**What you have to do:** Copy nothing from the entries below except the lines from the one containing "Nx Multi Mode" through the one containing "Folder Stationery Branding Mockup 4116781 1", and copy those exactly.

**Available data:**
# # # #
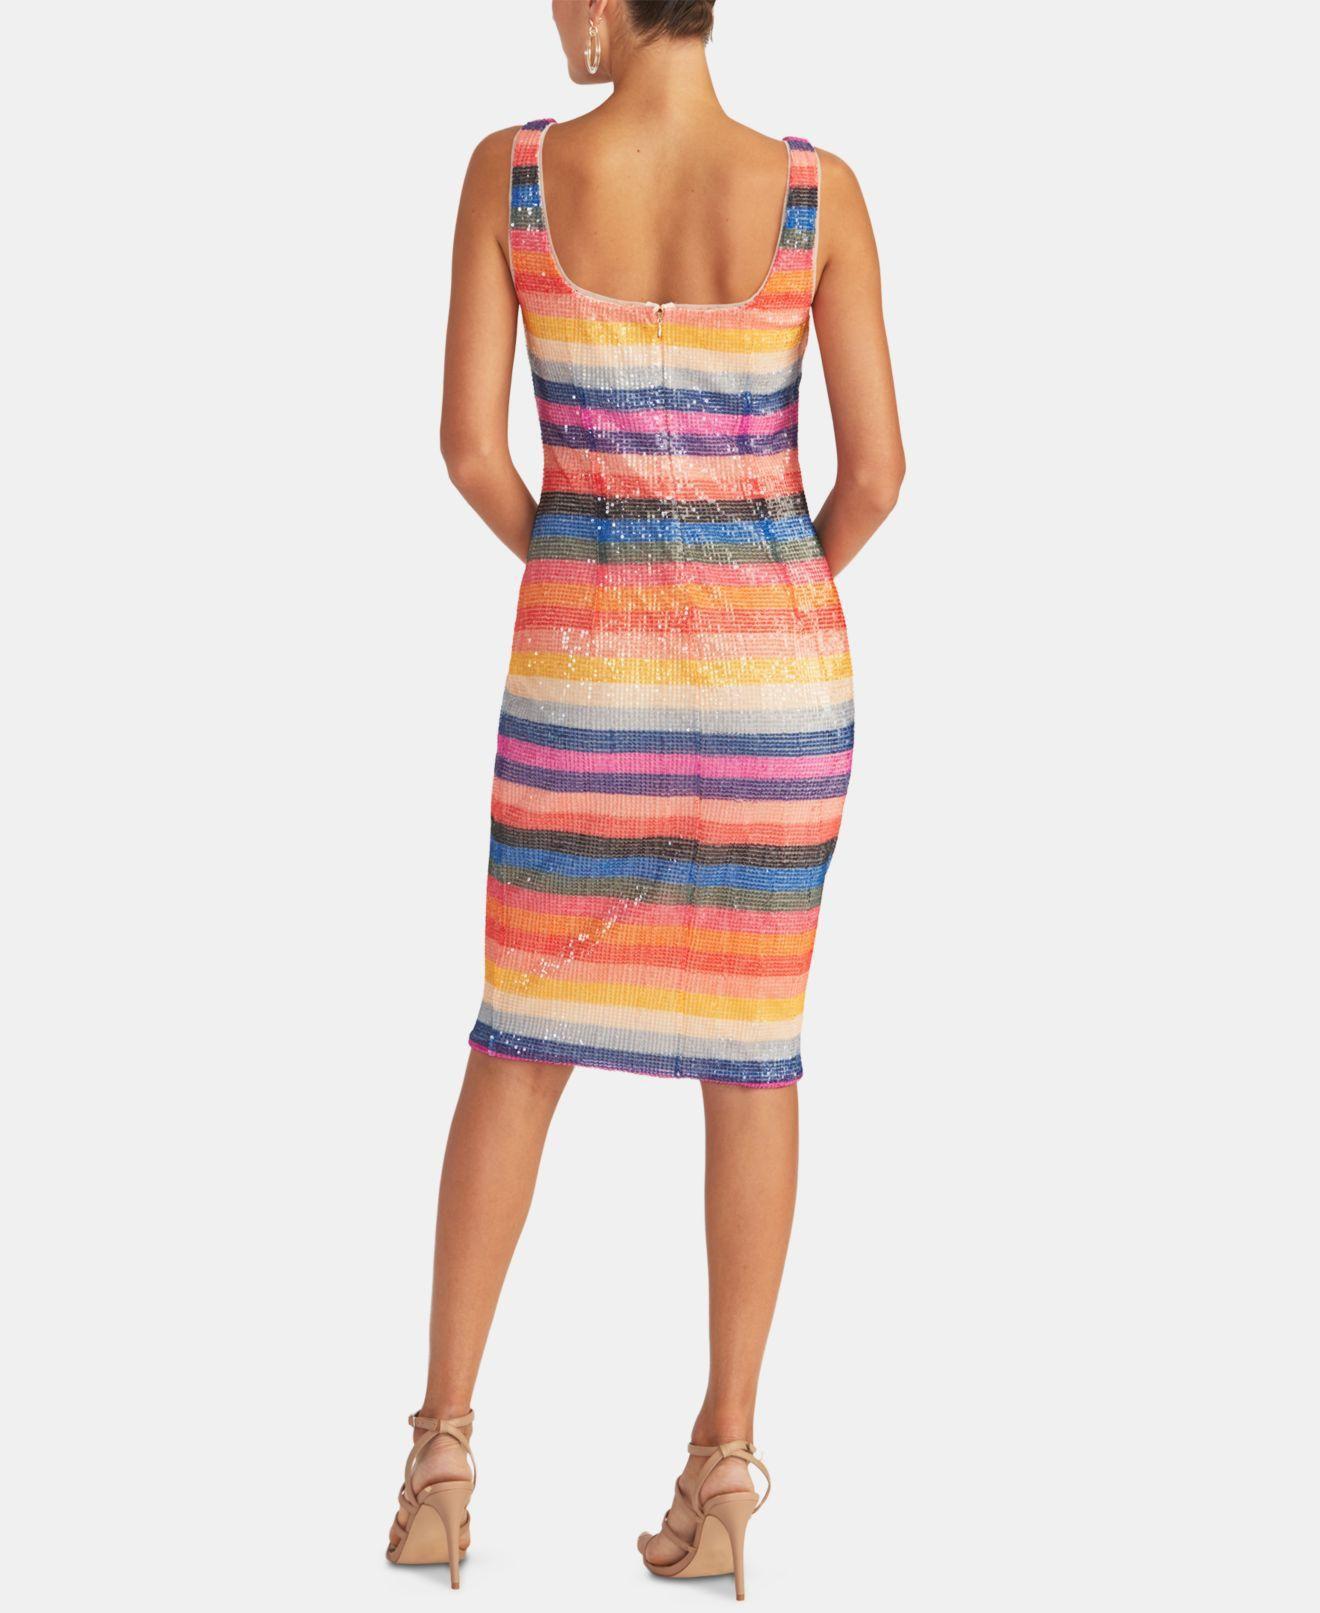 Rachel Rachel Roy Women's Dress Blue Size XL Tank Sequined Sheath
# # # #
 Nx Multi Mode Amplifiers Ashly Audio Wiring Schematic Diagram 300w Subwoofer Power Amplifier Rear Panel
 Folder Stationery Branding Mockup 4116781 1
# # # #
**Answer to this exercise:**
 Nx Multi Mode Amplifiers Ashly Audio Wiring Schematic Diagram 300w Subwoofer Power Amplifier Rear Panel
 Folder Stationery Branding Mockup 4116781 1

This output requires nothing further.